Now we put everything together. We can create our synchronous channel, spawn the deserialization in a separate thread, and process the received values as deserialization is occurring in the background.
fn main() {
let (sender, receiver) = sync_channel::<u32>(0);
// Deserialize in a separate thread.
let deserialize_thread = thread::spawn(|| {
let mut deserializer = serde_json::de::Deserializer::from_str(
"{\"a\": \"foo\", \"b\": \"bar\", \"items\": [0, 1, 2, 3, 4, 5]}",
);
FileSeed { sender }.deserialize(&mut deserializer)
});
while let Ok(value) = receiver.recv() {
// Process the deserialized values here.
dbg!(value);
}
// You can also access the `File` after deserializing is complete.
dbg!(deserialize_thread.join());
}
Note that I chose to make T be u32, but you can use any generic T that implements Deserialize.

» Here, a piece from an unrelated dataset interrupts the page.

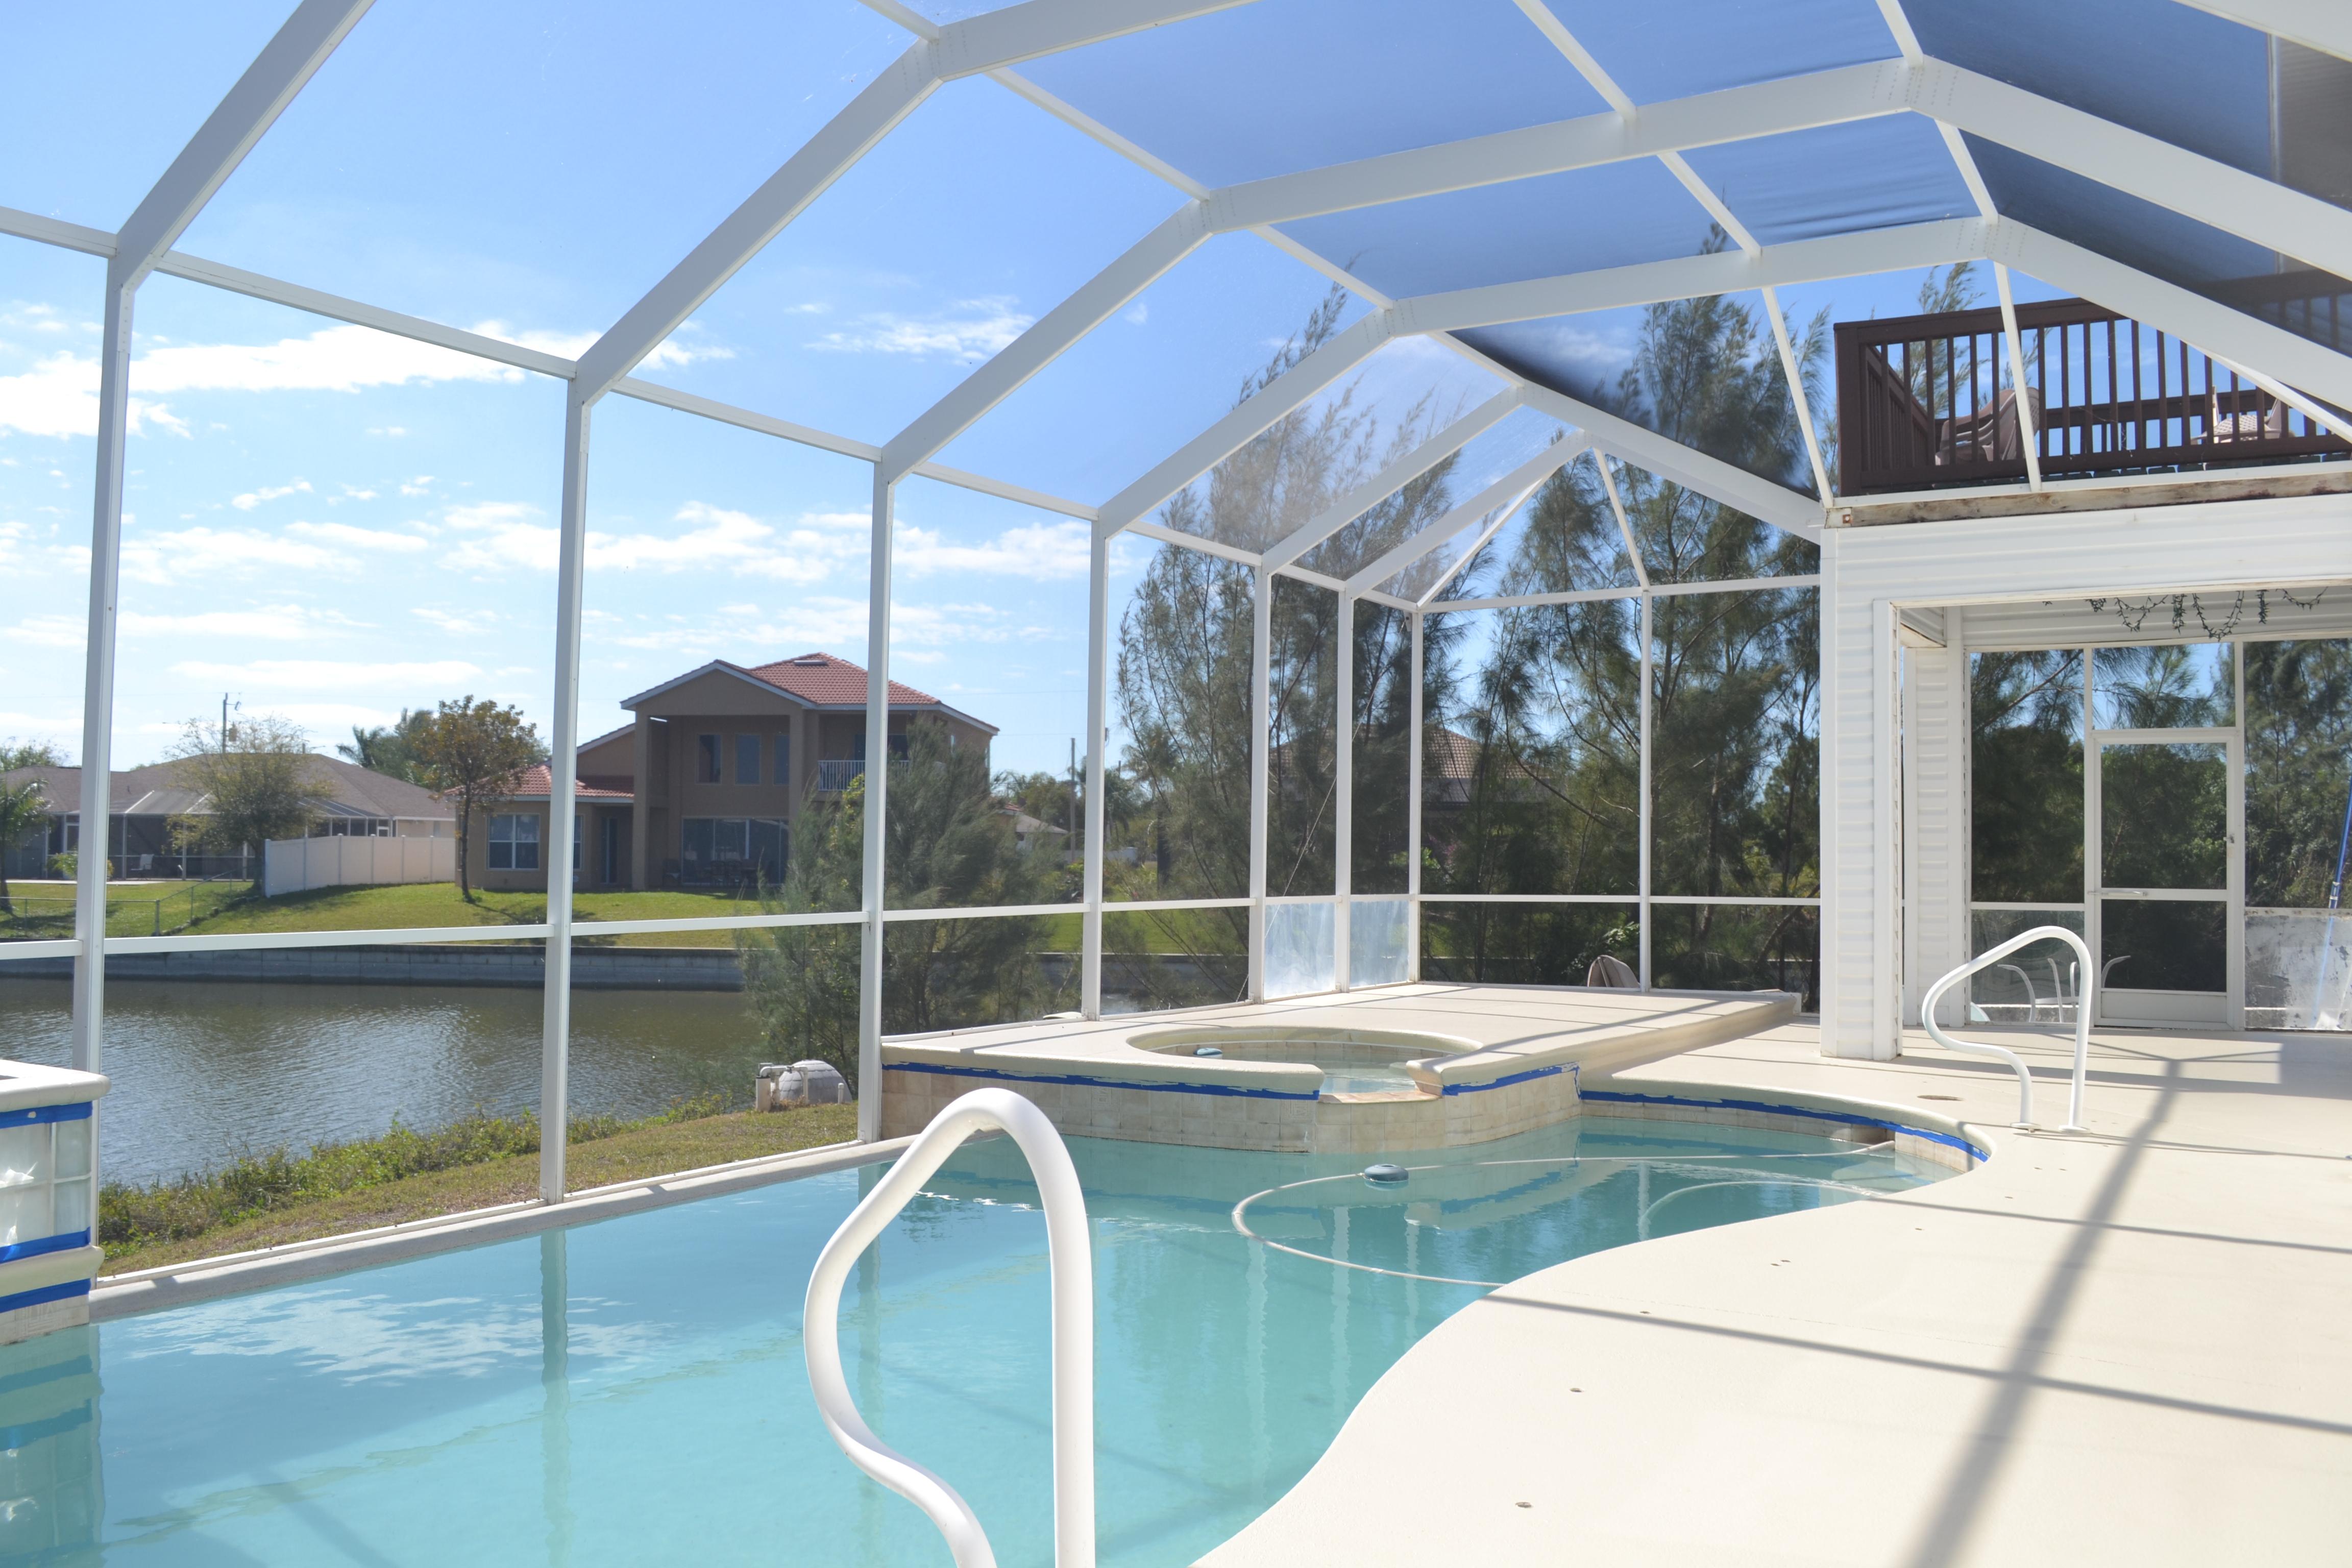 Pool deck painted

Running this program outputs the following:
[src/main.rs:197] value = 0
[src/main.rs:197] value = 1
[src/main.rs:197] value = 2
[src/main.rs:197] value = 3
[src/main.rs:197] value = 4
[src/main.rs:197] value = 5
[src/main.rs:200] deserialize_thread.join() = Ok(
Ok(
File {
a: "foo",
b: "bar",
},
),
)
You can see and run my whole solution on this playground.